Electric cars would be inefficient in Germany, study finds
Posted in: UncategorizedIt’s kind of amazing that a lot of our society’s infrastructure is predicated on us not being synchronized. For example, there’s that college prank where everyone flushes a dorm toilet at the exact same moment, causing water pipes to burst; and an amusing urban legend goes that if everyone in China jumped off a chair at the same moment, it would knock the Earth out of orbit.
Sadly, this if-all-of-us-do-it-at-the-same-time-something-breaks thing may be true of electric cars, at least in Germany. A recent study done by the German branch of the World Wildlife Federation found that if one million Germans in 2020 all plugged in their electric cars to recharge after getting home from work, the resultant power drain would require massive amounts of coal to offset, which would in turn offset any carbon savings.
Today, the German plants that deliver marginal electricity are fueled by coal.
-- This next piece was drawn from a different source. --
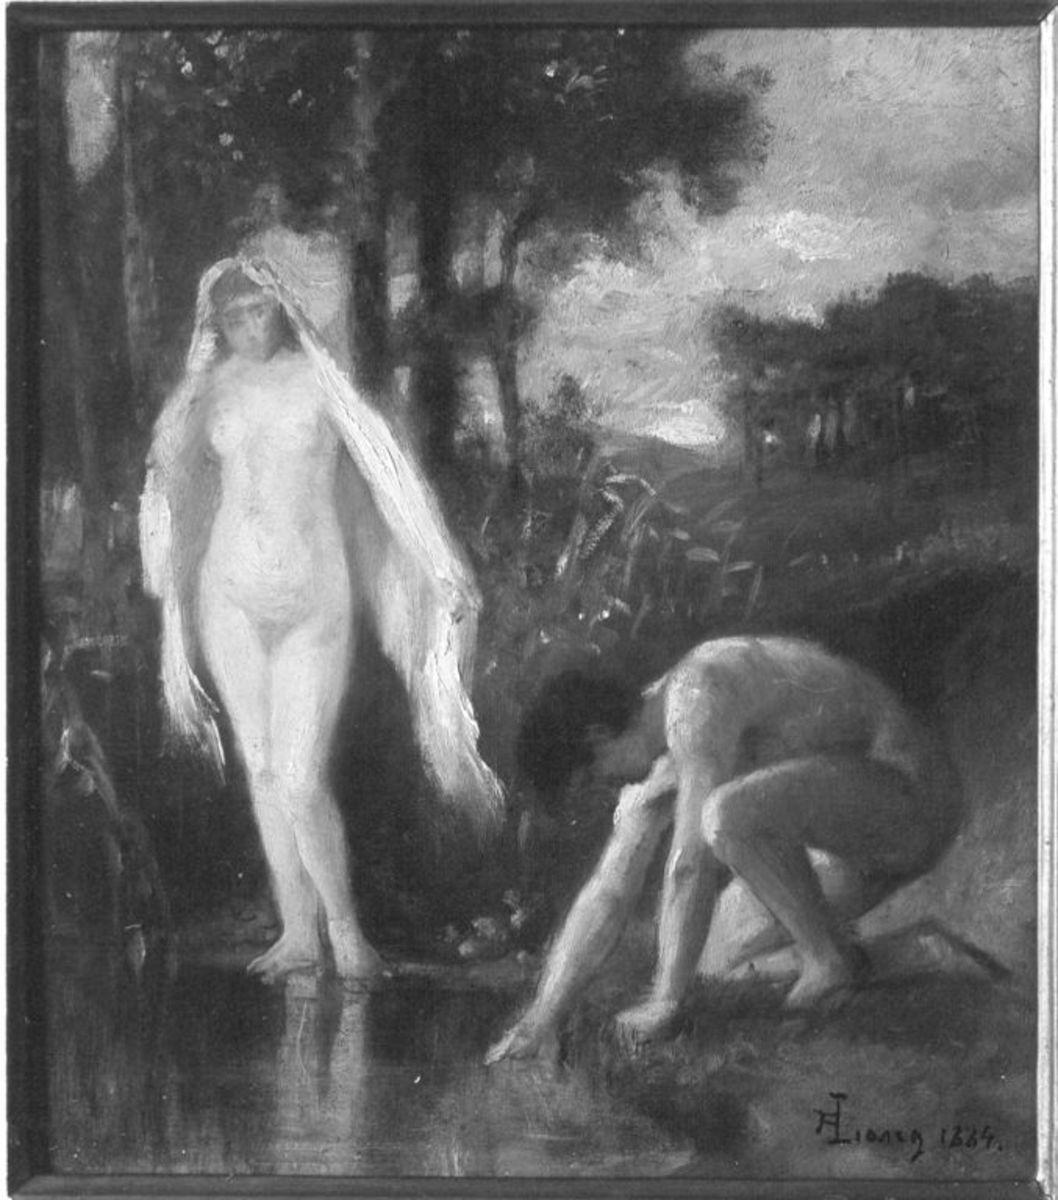 Badendes Paar in Landschaft

That is the main problem, according to the study. The research adds that to produce the same amount of energy, coal emits more carbon dioxide than even gasoline.
“The irony is that you don’t need a lot more electricity for electric cars,” [vehicle expert Viviane] Raddatz, said. “But the problem is that if they cause these peaks, we would have to have power plants that would be ready to start (as) the massive charging starts.”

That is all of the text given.